Antes a los sin techo se les llamaba “vagabundos”, quizás porque se movían más e iban recorriendo toda España viviendo de la mendicidad, aunque algunos de ellos se establecían en las afueras de las ciudades más grandes. En 1902 Juan Díaz Caneja publicaría un estudio con el título de Vagabundos de Castilla (reeditado en 1985). El librito no tiene desperdicio y está lleno prejuicios, pero también de verdades muy dolorosas. Después de haber hecho el seguimiento de una de estas familias de vagabundos, el autor llega a la siguiente conclusión: “Comer sin trabajar –tal como ellos entienden el trabajo–; no tener lazos ni vínculos que los sujeten a nadie, andar y andar por caminos y sendas; gozar con el aire que achicharra o hiela… libres, muy libres, sin pensar jamás en nada útil y beneficioso…; así son los vagabundos castellanos, que a mí se me antojan muy parecidos a los vagabundos rusos descritos por Gorki, siquiera éstos sean más sufridos, más simpáticos, y sobre todo, más, mucho más inteligentes”.

La encina solitaria y yo

Desde el mes de abril del año 2020 he pasado en el campo más tiempo solo que acompañado; salvo la compañía inapreciable de mis dos perras, mi teléfono móvil y algunos libros.
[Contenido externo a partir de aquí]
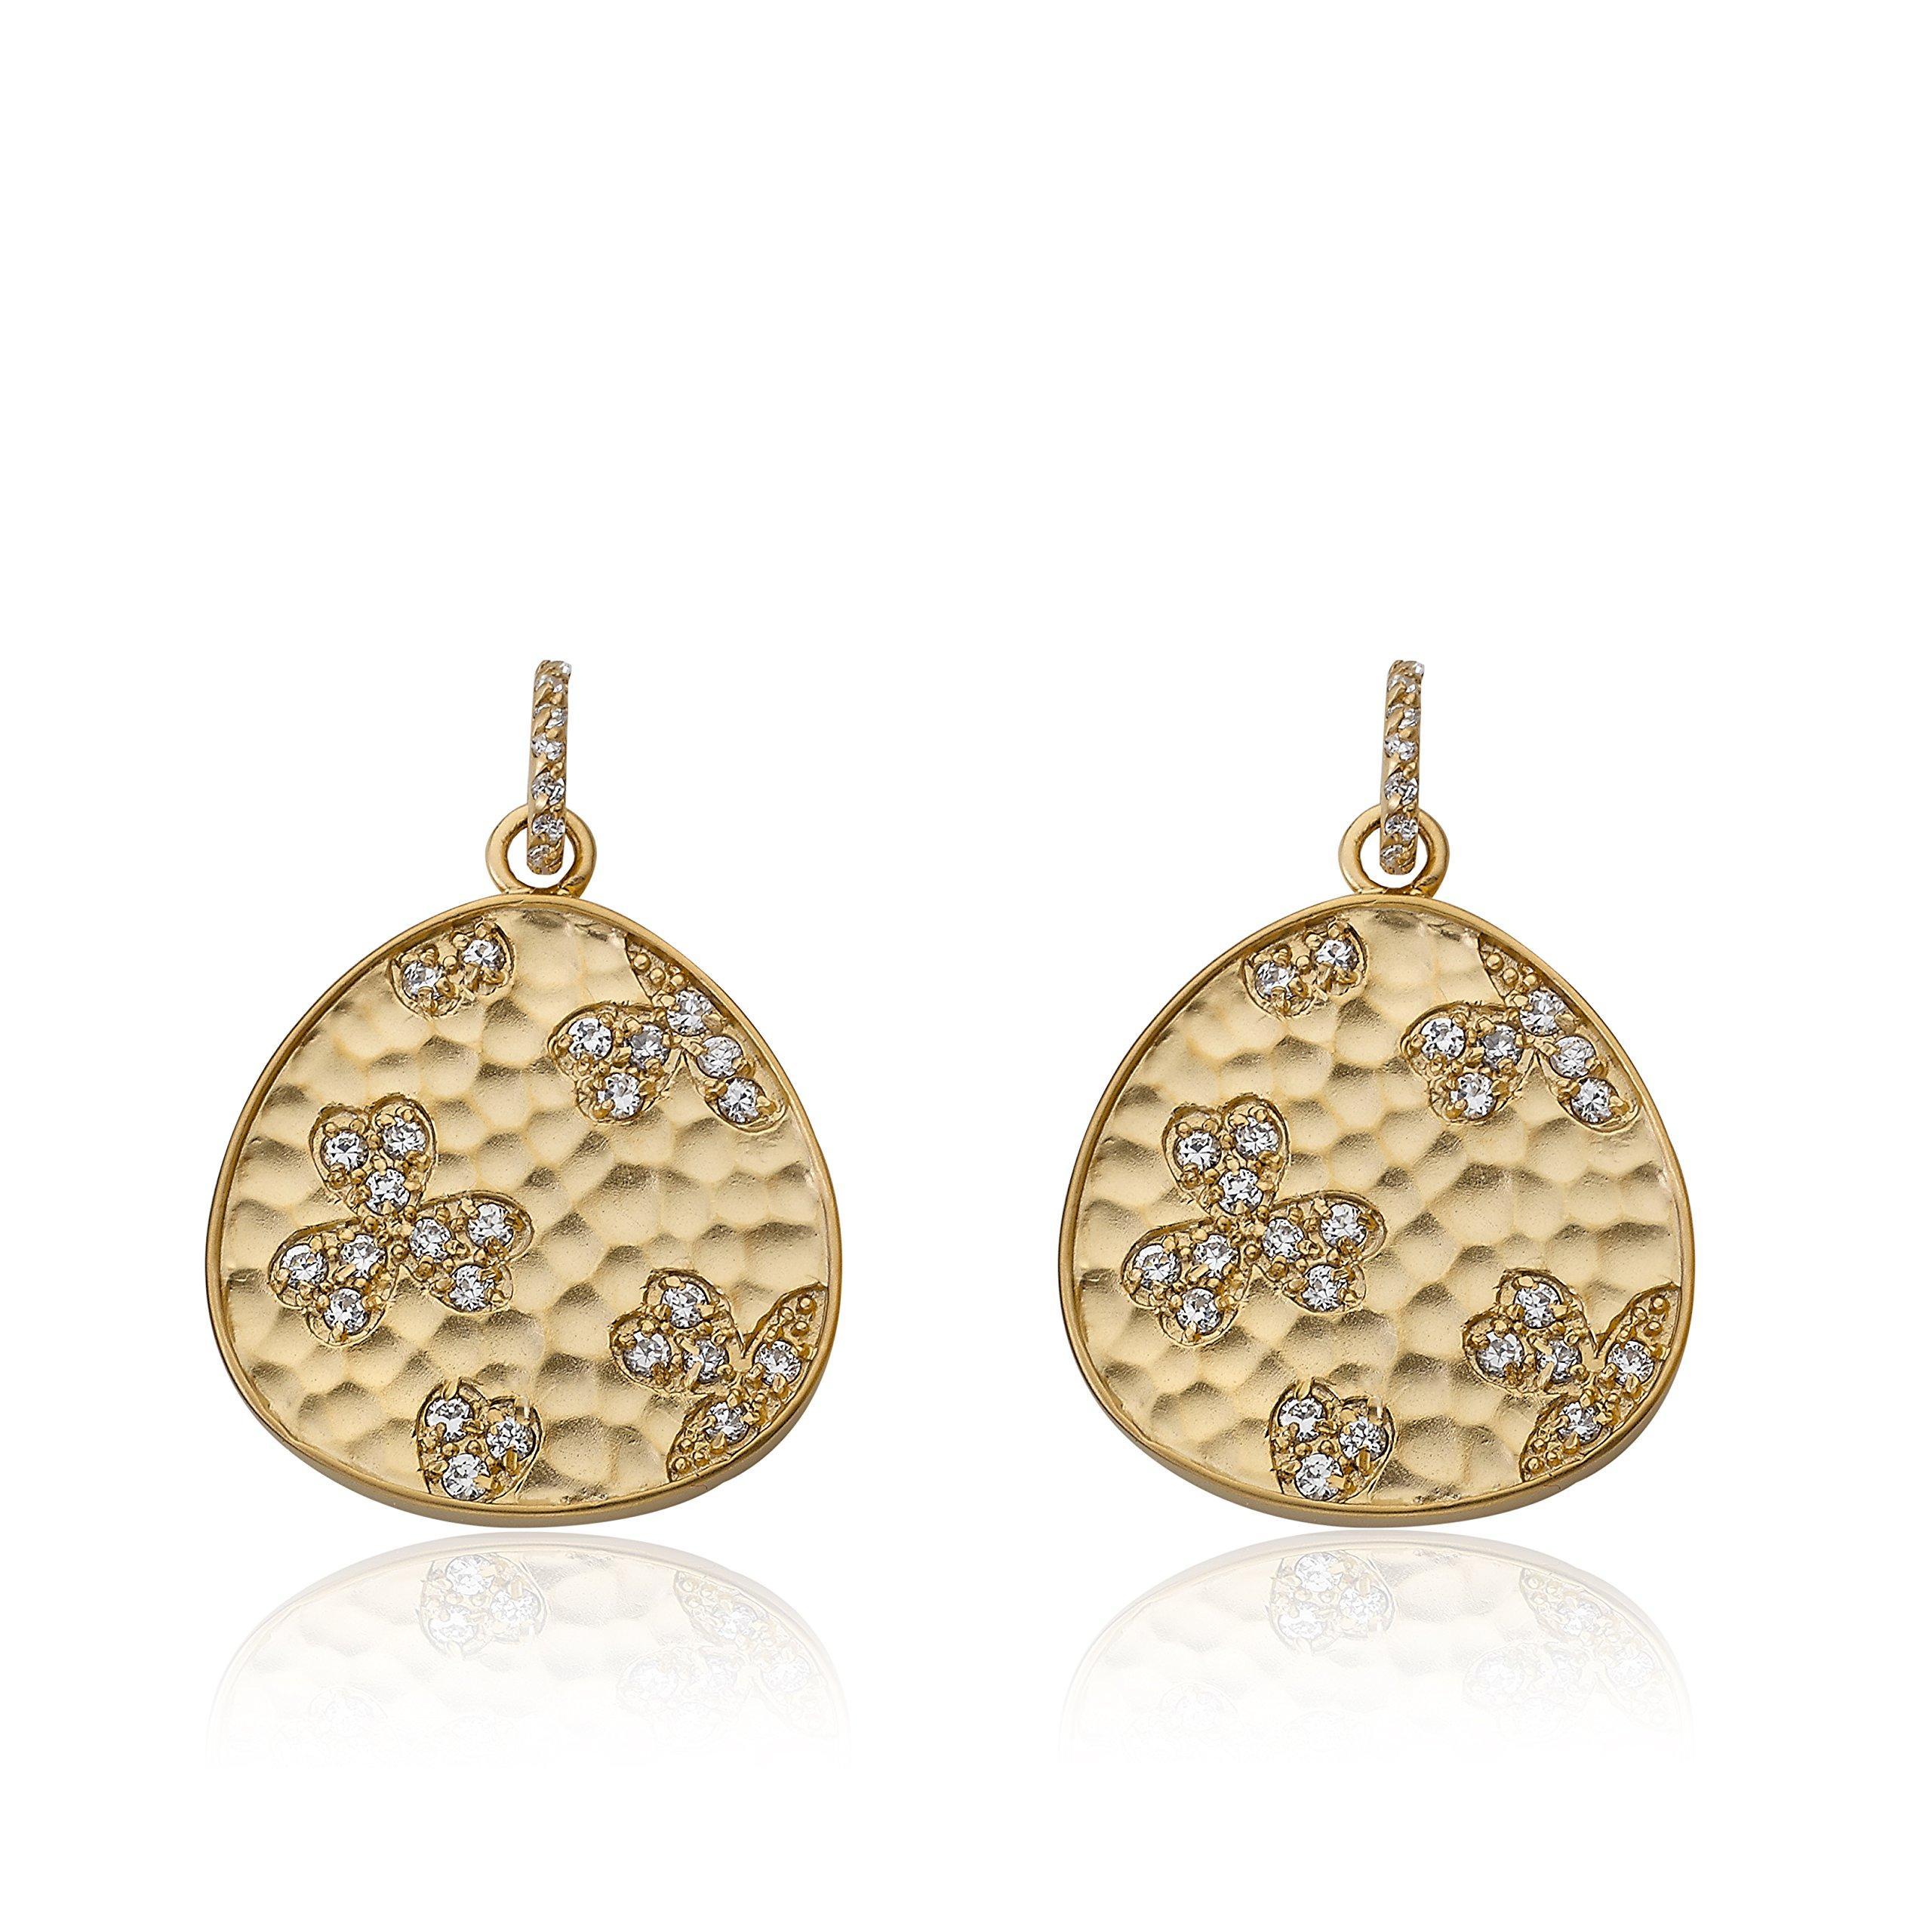 Riccova Retro Satin Hammered 14k Gold-Plated Cubic Zirconia Leaf Design In Teardrop Dangle Earring

Esto no me ha impedido el preocuparme por la situación en la que se encontraban mis familiares, mis amigos y amigas, el país donde vivo y la situación de la pandemia de la COVID-19 en el mundo en general.
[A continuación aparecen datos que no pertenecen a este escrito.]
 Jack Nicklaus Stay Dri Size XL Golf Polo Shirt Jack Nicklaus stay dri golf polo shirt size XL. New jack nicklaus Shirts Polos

El hecho de retirarme a vivir en mi refugio de piedra seca entre los viñedos, no creo que me haya convertido en un misántropo irascible; todo lo contrario, pienso que este aislamiento voluntario me ha hecho apreciar mucho más el privilegio que significa tener lazos que me unen a parte de mi familia y a mis mejores amigos y amigas.

Al vivir en un refugio donde no hay agua corriente ni calefacción, para calentarte necesitas usar la leña que hay en el entorno sin tener que recurrir a talar los pocos árboles que hay en los alrededores; básicamente encinas y almendros silvestres. A los agricultores estos árboles les molestan para maniobrar sus tractores y sus cosechadoras, con lo cual se cargan todos los que pueden; salvo las encinas que están protegidas por ley, los almendros de esta zona están desapareciendo a una velocidad preocupante. Sin embargo, entre las pedrizas puedes encontrar todo tipo de leña: viejas cepas de viñas que han sido arrancadas, ramas de almendros que han sobrevivido a las quemas de los sarmientos o árboles enteros que han sido arrancados y abandonados.
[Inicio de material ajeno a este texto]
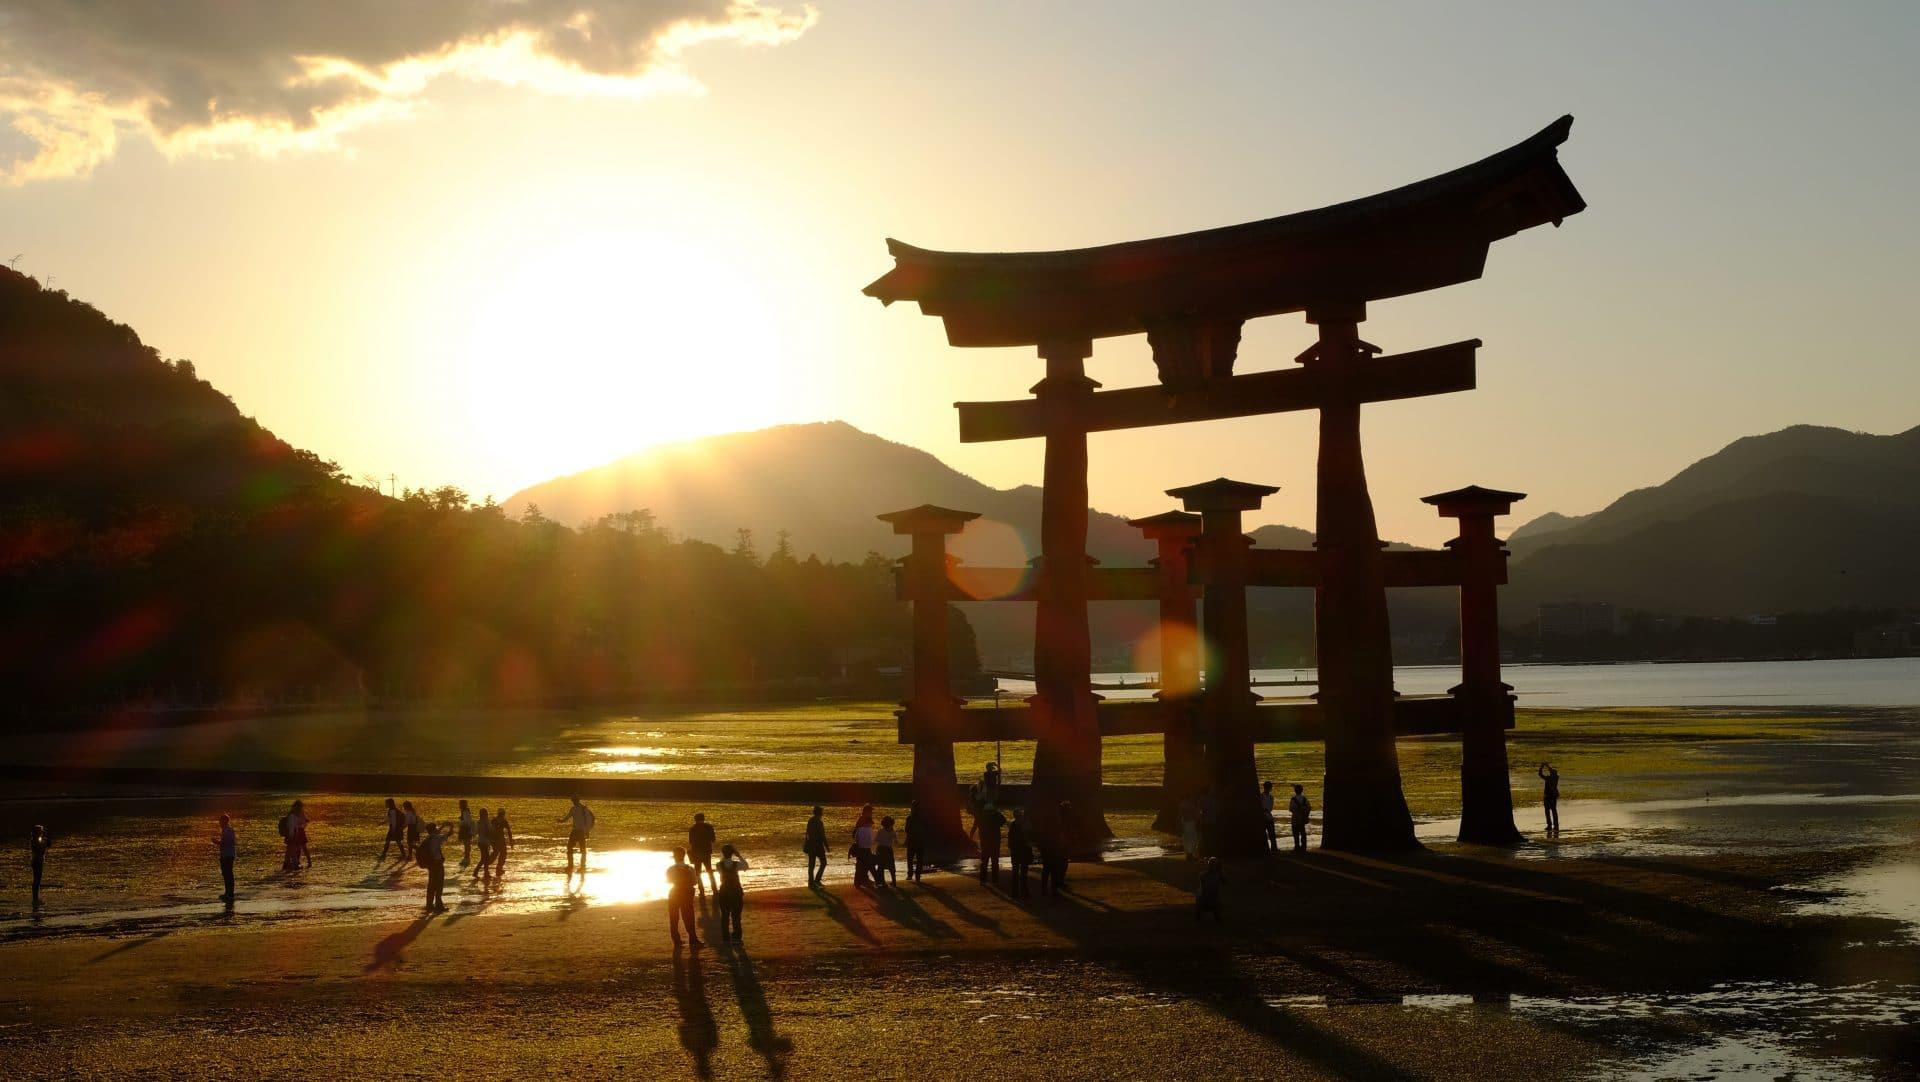 Japon : D'Osaka la Rebelle à Miyajima la Magnifique

Mis formas de relacionarme con el campo y su entorno han cambiado radicalmente: ahora no solo aprecio más cualquier detalle, como el de una encina que sobrevive a pesar de que casi la han cubierto con las piedras que arrancan a la tierra, hasta prestar más atención a los líquenes que hay en las piedras y en los troncos de los árboles; es decir, que gracias al mundo rural de mi entorno en mi soledad nunca me siento solo.

En mis paseos por los caminos de tierra siempre paso cerca de una hermosa encina solitaria. A veces me acerco y abrazo su áspero tronco, un abrazo más necesario ahora que nunca porque por los efectos de la pandemia provocada por la COVID-19 hace ya casi un año que no puedo besar ni abrazar a mi madre.

Durante todos estos meses de aislamiento relativo he aprendido mucho sobre lo que significa vivir en sociedad y, también, en soledad: las piedras, los caminos, los pájaros, los árboles, los líquenes, las nubes y el cielo diurno y nocturno se han convertido en mis interlocutores principales, en mis amigos y amigas, siguiendo el pensamiento de Thoreau. Mi mundo interior, ese otro yo con el que también hablo frecuentemente, se ha transformado en un compañero indispensable y ahora la soledad no me preocupa, ella es mi patria.